Er kwam weliswaar een onderzoek naar de achtergronden van het drama, maar dat werd ernstig gehinderd door het vaste voornemen van minister van Binnenlandse Zaken Herbert Morrison om de gebeurtenissen zo min mogelijk aan de grote klok te hangen. Het zou slecht zijn voor de moraal van de stad en koren op de molen van de Duitsers als dit nieuws breed werd verspreid. ‘De zenuwen van de Britten kregen het stempel “geheim”,’ schrijft Joanna Bourke.

Sterker nog: aan het einde van de Tweede Wereldoorlog verscheen in Bethnal Green een herinneringsboekje waarin ijskoud werd gemeld dat ‘de houding en het gedrag van de bevolking als geheel bewonderenswaardig waren.

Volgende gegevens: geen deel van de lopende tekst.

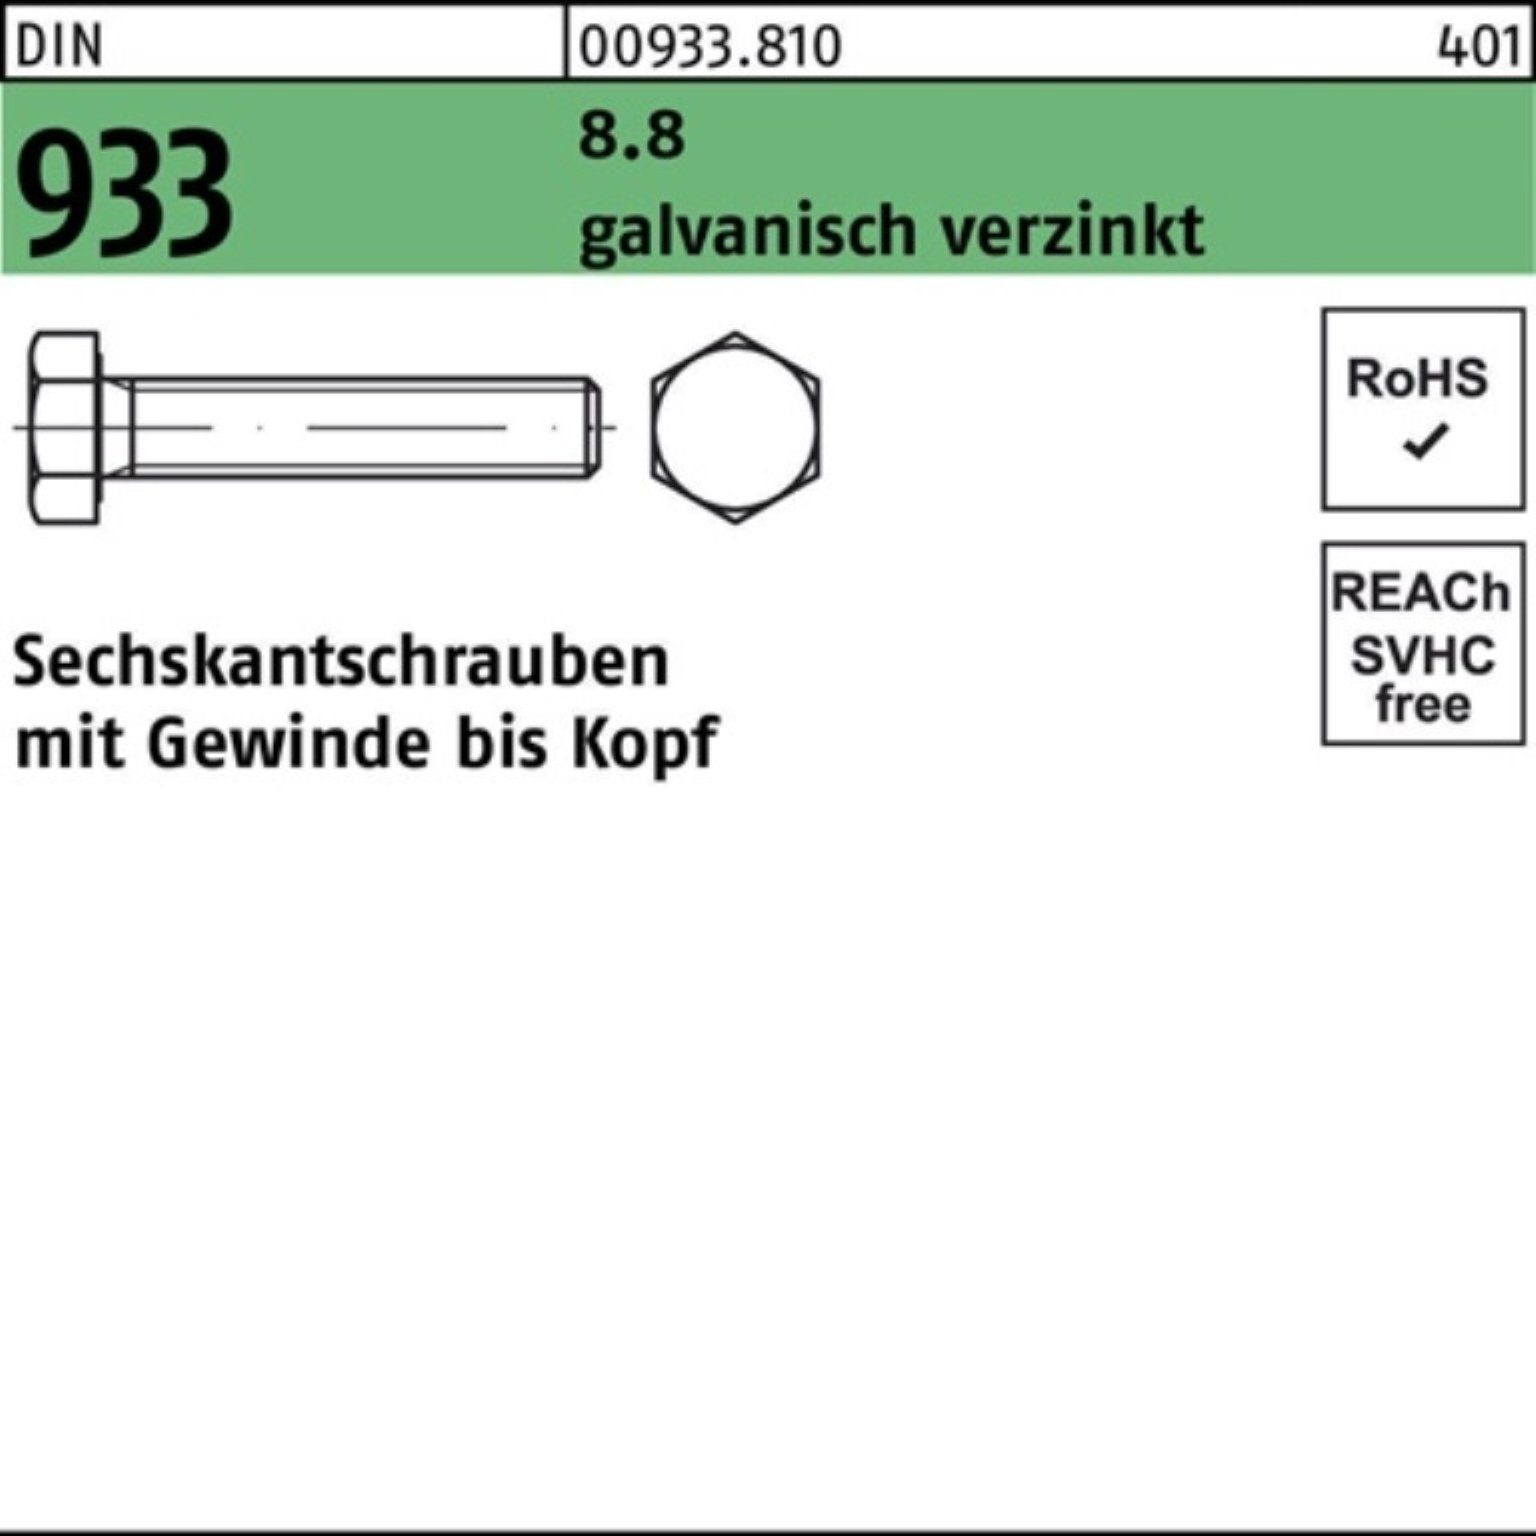 Sechskantschraube Pack 500 Sechskantschraube Stü M5x 12 VG 8.8 933 DIN Reyher galv.verz. 500er

Tijdens de oorlog is er niet één keer sprake geweest van paniek. De humor van East End was de beste remedie tegen angst.’ De 173 doden waren volledig uit de lokale geschiedschrijving gewist.

De grote vraag is hoeveel meer van dit soort minder rooskleurige verhalen onder het vloerkleed zijn geveegd. Vrij weinig, houdt iemand als Philip Ziegler vol, schrijver van London at War, 1939-1945. Duidelijk is in ieder geval dat de Britten liever geen afscheid nemen van de glorierijke verhalen over de ‘spirit van de Blitz’. En dat zij evenmin veel belangstelling hebben voor ooggetuigenverslagen die doen vermoeden dat in een stad als Berlijn eigenlijk niet minder stoïcijns werd gereageerd op massieve bombardementen.

De grote vraag is hoeveel minder rooskleurige verhalen onder het vloerkleed zijn geveegd

Maar dat is niet zo gek als je bedenkt wat er onmiddellijk na de Tweede Wereldoorlog zou gebeuren: de ineenstorting van het Britse wereldrijk en de definitieve overvleugeling van Groot-Brittannië door de Verenigde Staten. De Tweede Wereldoorlog was de laatste periode in de geschiedenis waarop de Britten nog onvervalst trots kunnen zijn. Voor hun gevoel wisten zij Hitlers troepen in 1940 en de eerste helft van 1941 helemaal alleen te stoppen in hun veroveringsdrang. Een dergelijke overtuiging biedt weinig ruimte voor relativeringen van de mythe over de Blitz.

Meer weten:

  • Voor velen provocerend, maar bij vlagen ook wijdlopend, is The Myth of the Blitz van Angus Calder (1991). Hét standaardwerk over Londen tijdens de Tweede Wereldoorlog heet London at War 1939-1945 door Philip Ziegler (1995). In Peter Ackroyds London. The Biography (2001) en Joanna Bourke’s Fear. A Cultural History (2005) speelt de Blitz een minder centrale rol.
  • In het Imperial War Museum is zowel een schuilkelder nagebouwd als een straat zoals die er tijdens de Blitz uitzag na een Duits bombardement. Inclusief de bijbehorende geluiden en geuren.
  • Churchills ‘Cabinet War Rooms‘ zijn de bunkers onder de grond die de legendarische premier destijds gebruikte als permanent kantoor, crisiscentrum en slaapplaats.